Typically, the Slider class would be enhanced to fire the Move event whenever its Position is changed by a mouse movement, keypress, or other user action.

2.14.5 Event Accessors

Syntax:

attributes? unsafe? access-modifier?
[
  [[sealed | abstract]? override] |
  new? [virtual | static]?
]? 
event delegate type event-property accessor-name
{   
attributes? add statement-block   
attributes? remove statement-block
}

Note that abstract accessors don't specify an implementation, so they replace an add/remove block with a semicolon.
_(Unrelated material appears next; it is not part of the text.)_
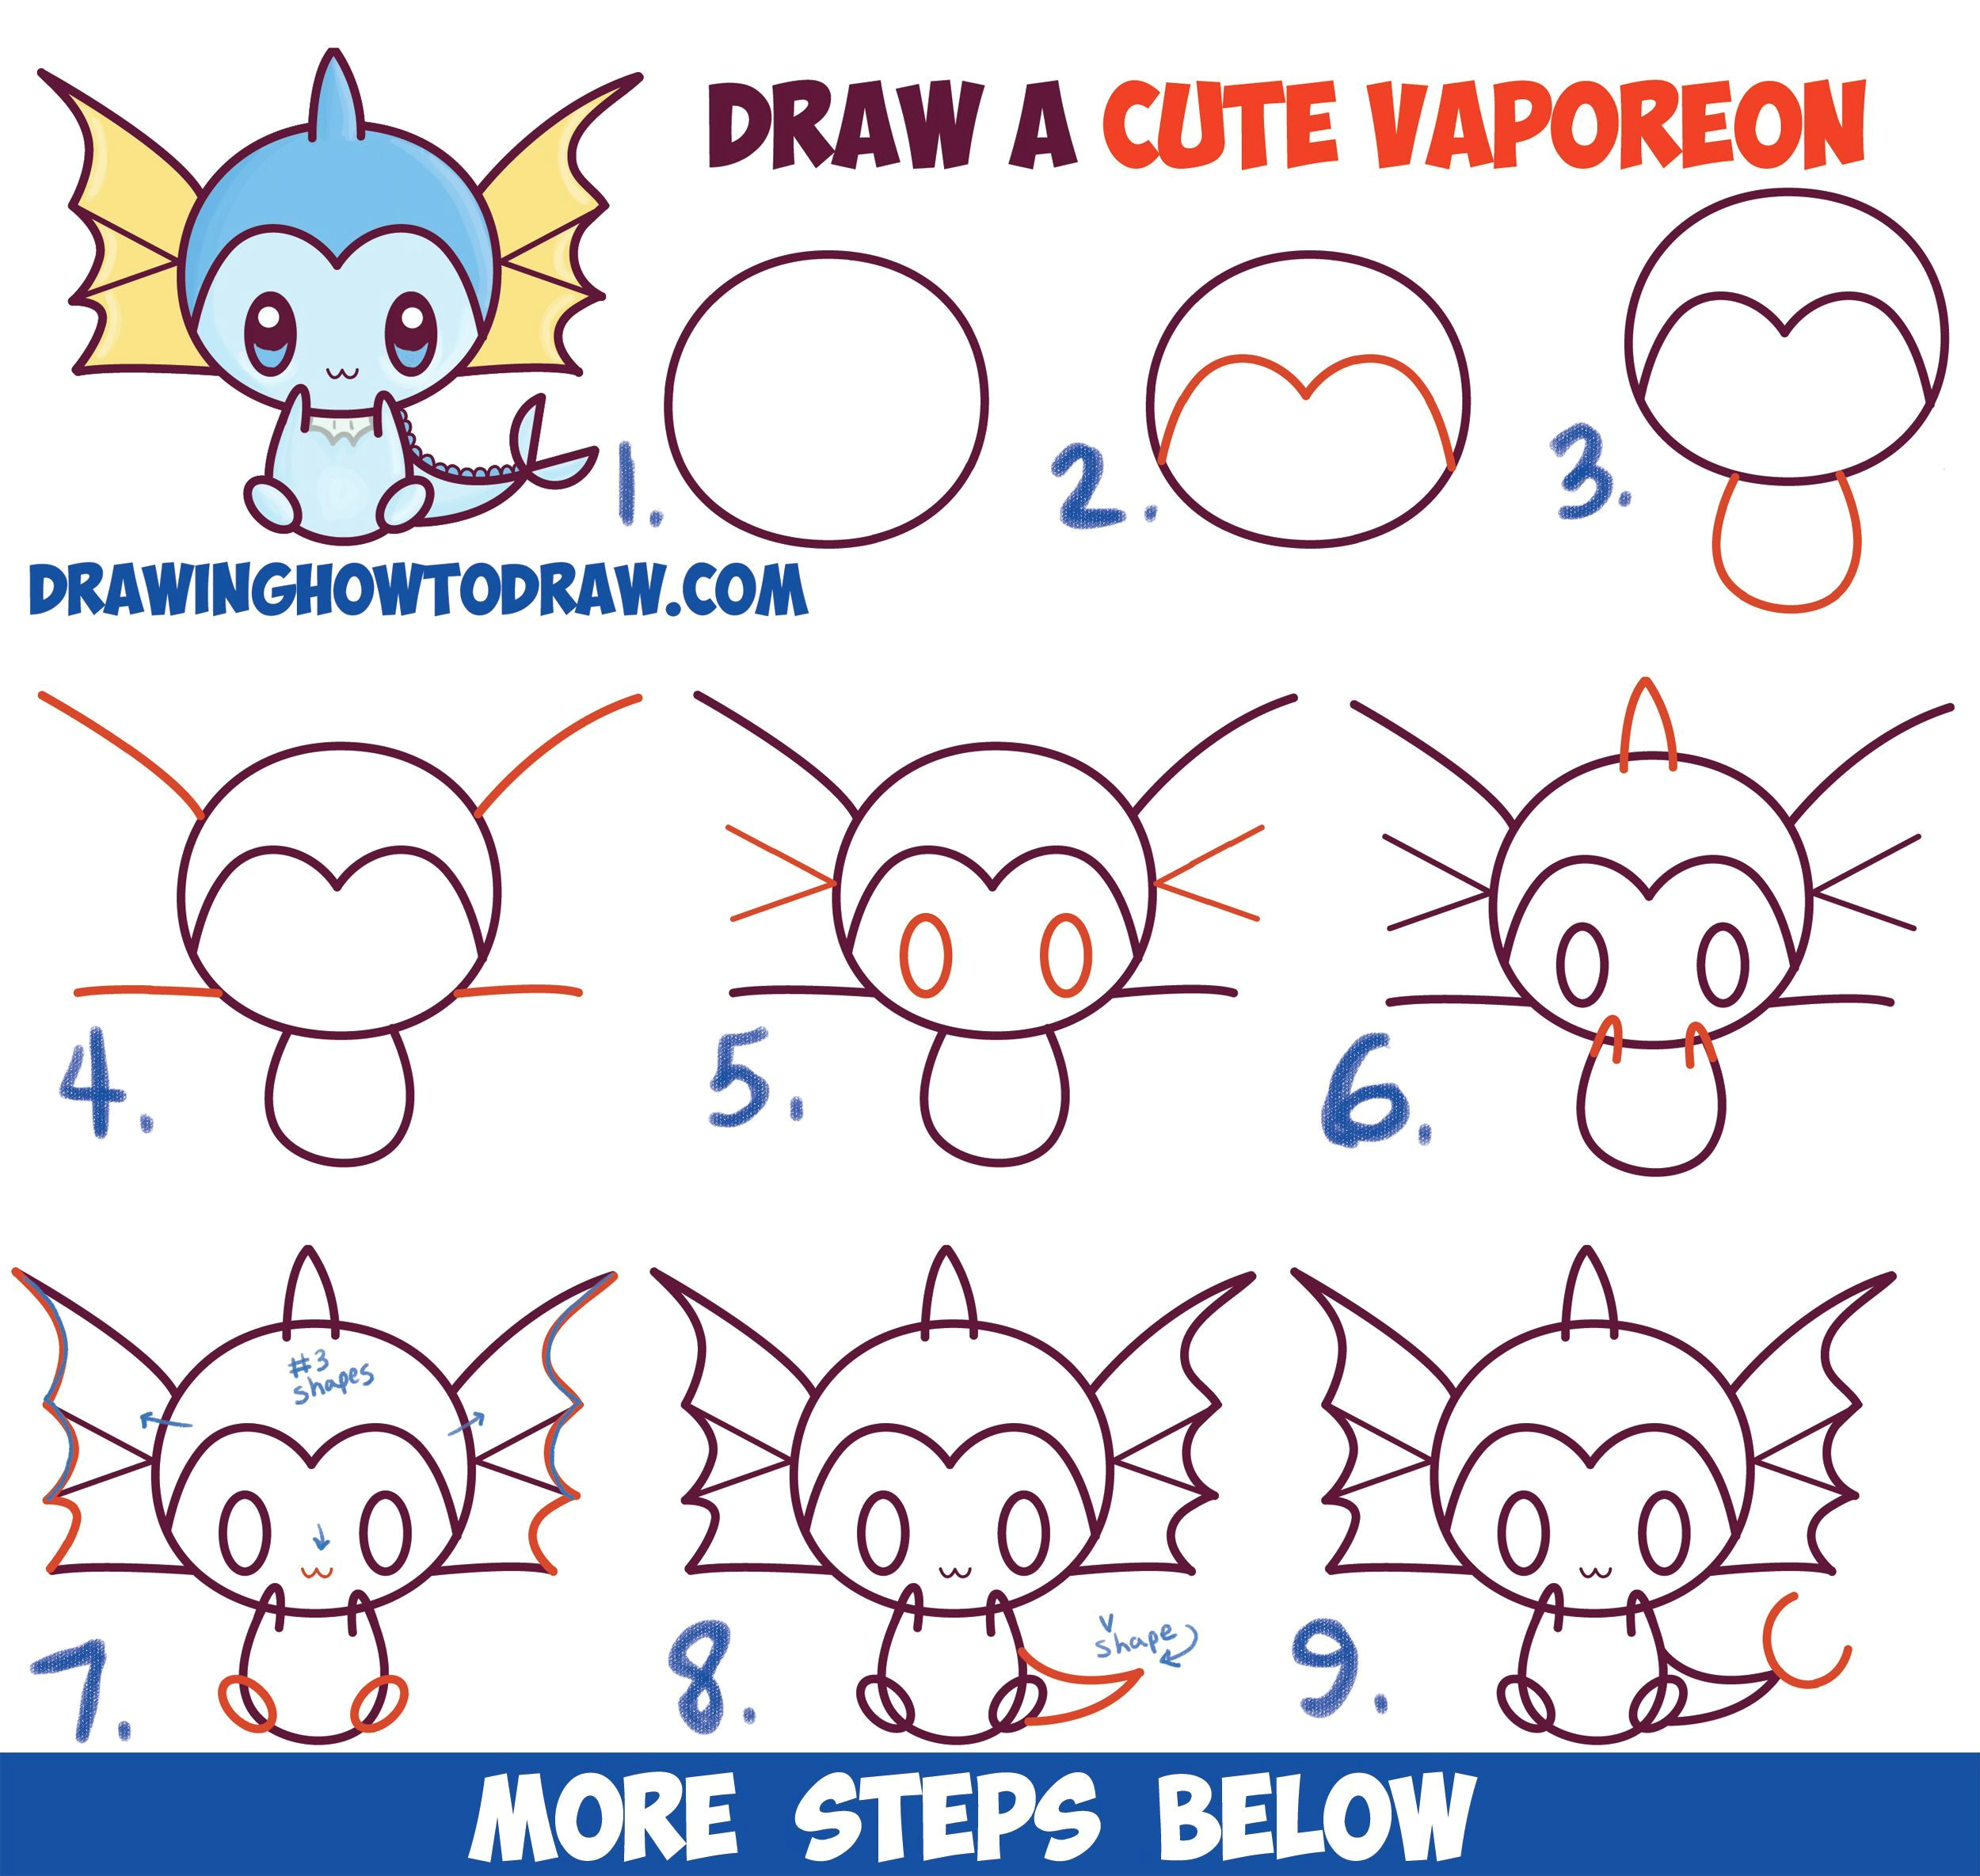 how to draw cute kawaii chibi vaporeon from pokemon easy step by step drawing lesson for beginners
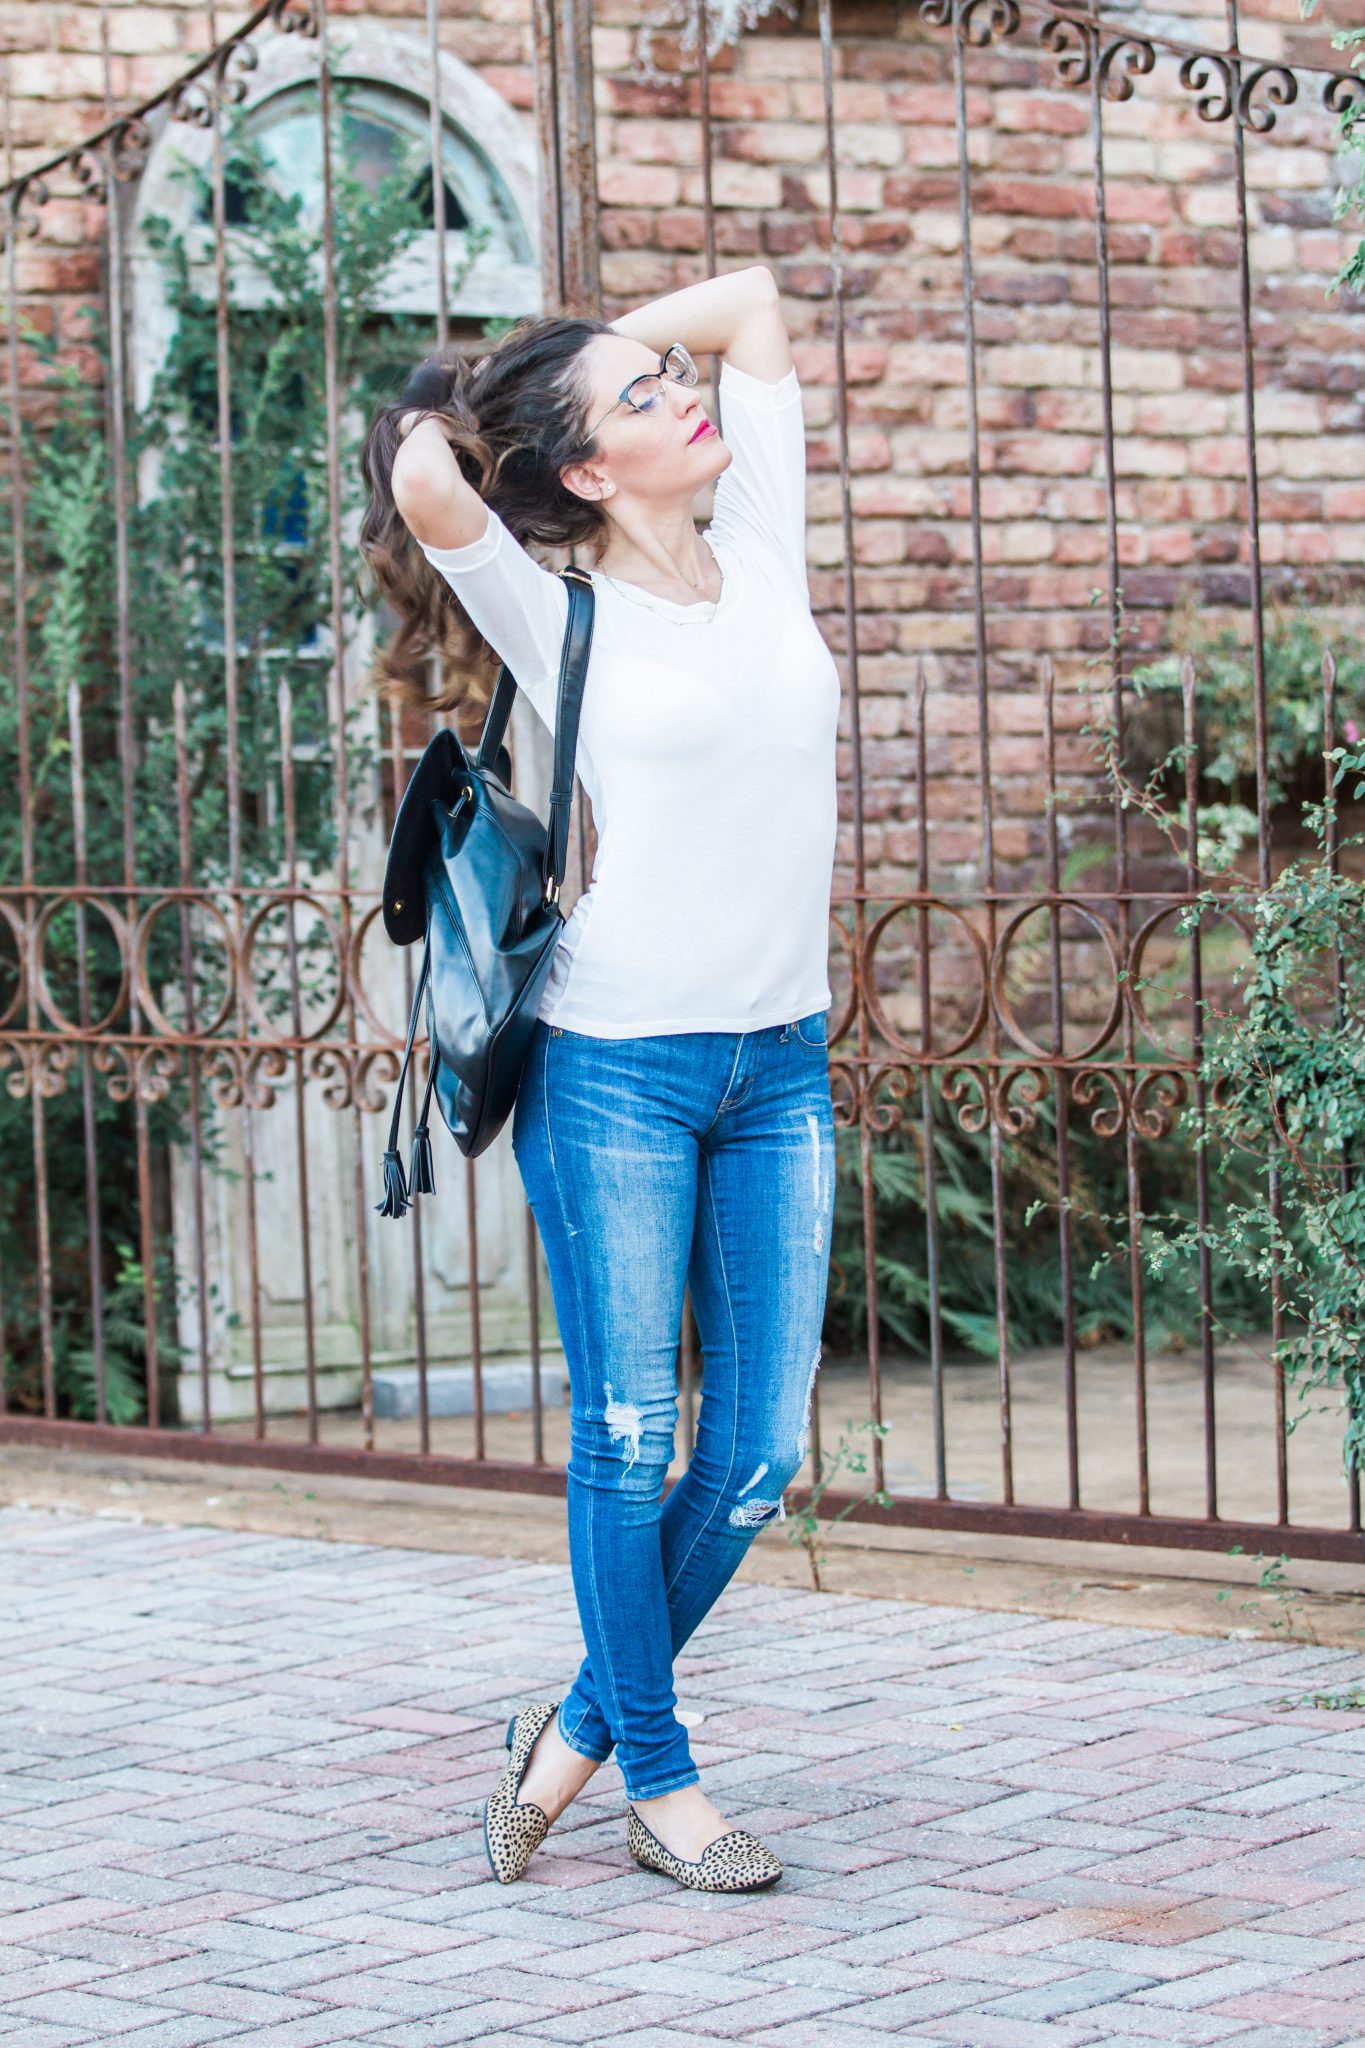 classic white tee and jeans for fall, classic fall style, simple fall style, how to wear a t shirt and jeans, red lipstick

Similar to the way properties provide controlled access to a field, event accessors provide controlled access to an event. Consider the following field declaration:

public event MoveEventHandler Move;

Except for the underscore prefix added to the field (to avoid a name collision), this is semantically identical to:

private MoveEventHandler _Move;
public event MoveEventHandler Move {
  add {
    _Move += value;
  }
  remove {
    _Move -= value;
 }
}

The ability to specify a custom implementation of add and remove handlers for an event allows a class to proxy an event generated by another class, thus acting as a relay for an event rather than as the generator of that event. Another advantage of this technique is to eliminate the need to store a delegate as a field, which can be costly in terms of storage space. For instance, a class with 100 event fields would store 100 delegate fields, even though maybe only four of those events are actually assigned. Instead, you can store these delegates in a dictionary and add and remove the delegates from that dictionary (assuming the dictionary holding four elements uses less storage space than 100 delegate references).

The add and remove parts of an event are compiled to add_XXX and remove_XXX methods.